The title and abstract are appropriate and reflect the contents of the manuscript. The introduction is short and concise, but contains the relevant information and background for the study.

Response: according to reviewer’s comments, we have described DNA extraction process in 2.1 section and assessment of DNA methylation levels in 2.4 section. In terms of leucocyte analysis, we added text in the 2.3. (Line 155-156), as given below:

“2.1: “383 cord blood samples corresponding to 195 baby boys and 188 baby girls were selected to be undergone DNA methylation profiling and finally included in the present study.

2.3:” Pre-processing of the information on the cord blood samples, leukocyte-composition estimation, and quality-control steps were performed with the R packages ewastools (Heiss and Just, 2018; Heiss and Just, 2019) and minfi (Aryee et al, 2014) as described previously (Park et al, 2021). Briefly, leukocyte compositions were estimated with Houseman’s method, with the reference panel by Salas et al. with IDOL-optimized CpGs. Quality control steps were performed by (1) BeadArray Controls metrics by Illumina, (2) sex discordance by the probe intensities, (3) outliers or duplicates by SNP probes, (4) outliers by principal components (PCs), and (5) outliers by leukocyte compositions. The quality control results are shown in the Supplementary Table 1.
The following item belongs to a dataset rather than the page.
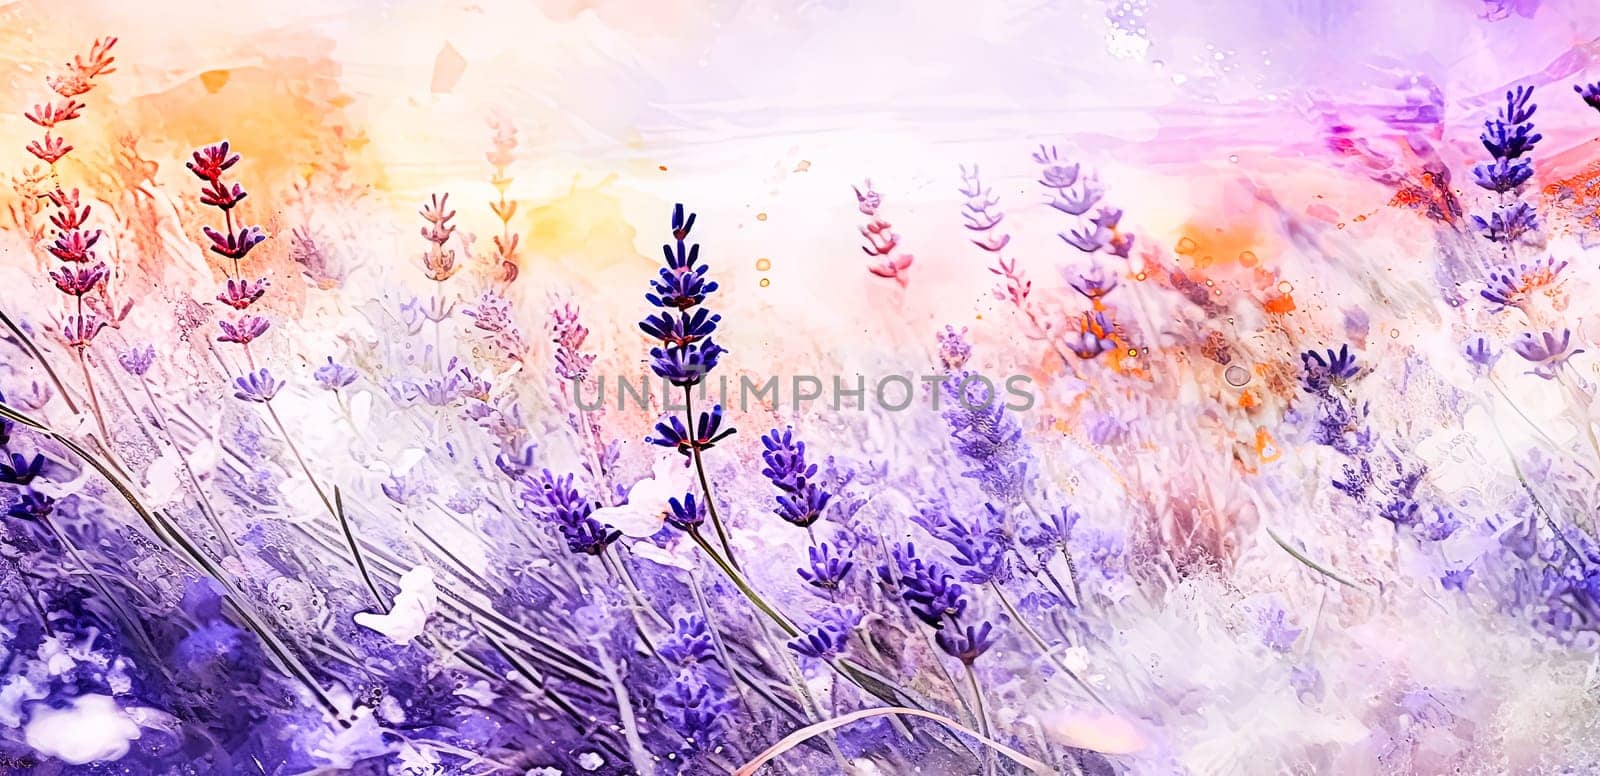 Vintage style watercolor illustration of lavender flowers isolated on a white background. Elegant depiction perfect for various design purposes.

2.4: “The methylation levels of the cord blood samples were determined using Illumina HumanMethylationEPIC BeadChip with the manufacturer’s instructions. Genotyping of the samples was performed as previously described (Park et al. 2020). Briefly, cord-blood samples were genotyped on Asian Precision Medicine Research Array (APMRA; Affymetrix, CA, USA). Quality control was conducted using plink v1.90b3.44(Chang et al. 2015)and WISARD 1.3.3, with the criteria of X chromosome inbreeding coefficients, missing rates, identity-by-state (IBS) matrix, multidimensional scaling (MDS) plots, Hardy-Weinberg equilibrium (HWE), and minor-allele frequencies. The rest of the missing values were filled with SHAPEIT v2.r837(Delaneau et al. 2011), and the data were then imputed to the whole-genome scale by using IMPUTE 2.3.2 with the phase-3 reference data from the 1000 Genome Project(Howie et al. 2012; Howie et al. 2011; Howie et al. 2009). The same quality-control procedures were conducted once again after the imputation step. The results of the quality control step is described in the Supplementary Table 2.

And when was the maternal urine sample provided for cotinine measurement and were any other parameters assessed?
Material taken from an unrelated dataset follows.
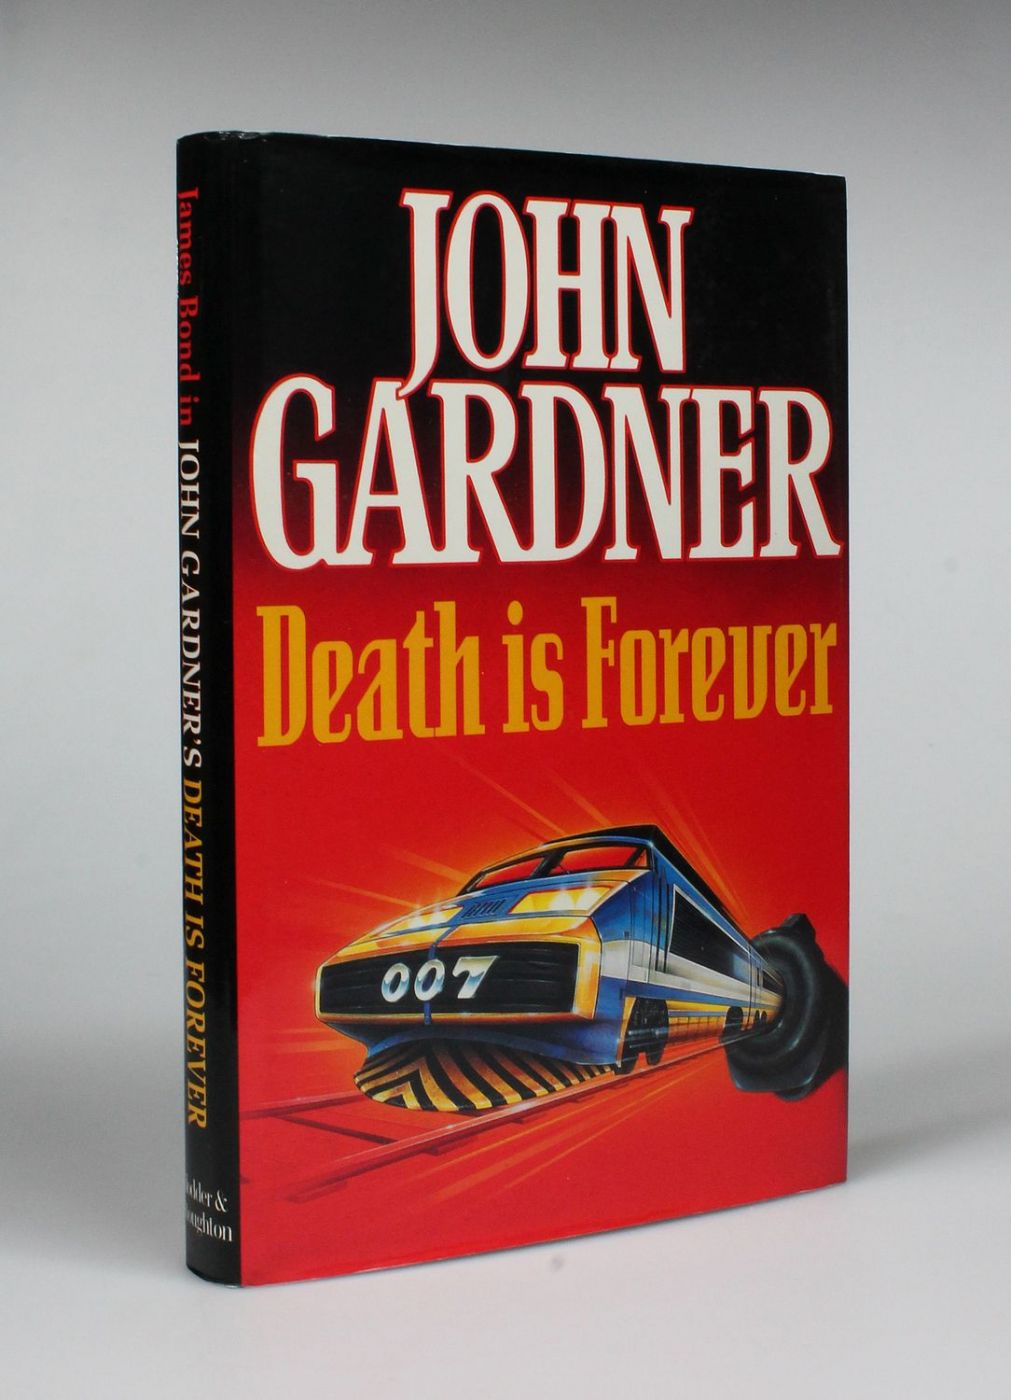 DEATH IS FOREVER -  image 1

Response: Prenatal examination and collection of biological samples including cotinine measurement was performed during the first and third trimesters, as described in section 2.1. (Line 92-93) , as follows:  “Urinary cotinine and creatinine in the pregnant women was measured during their prenatal visits (early and late pregnancy).

The authors provide information on the quality control of the methylation assay in section 2.4. Would it be possible to provide the outcomes of the quality checks, for instance in the supplement, to show the performance of the assay?

Response: We have added the results of the quality control steps in the supplementary document as table 2.

The results section is well structured, and the findings are appropriately presented. Specific comments are listed below. Section 3.4 mentions supplementary materials on phenotypes related to the DMPs. However, the only supplementary information that was provided are tables 1 and 2. Could the authors please clarify and/or provide the additional information?

Response: In this section, the term “results” is confusing, so we replaced it to data.

In section 3.5, could the authors please include all significant findings from the table, i.e. include GO:0051495?

Response: We removed this section as reviewer 3 suggested.

The discussion puts the findings in context of other studies and addresses its limitations. With regards to other studies, did the authors also look for studies that investigated other proxies for prenatal exposures such as placenta? And how do the findings compare with methylation studies in adults?

Response: We added text on prenatal exposures and placental DNA methylation, as follows:

Furthermore, placental DNA methylation is another organ reflecting prenatal environmental exposure and potentially related to health outcomes, which can be compared to cord blood results. (Ghazi et al. 2021)” (Line 362-364)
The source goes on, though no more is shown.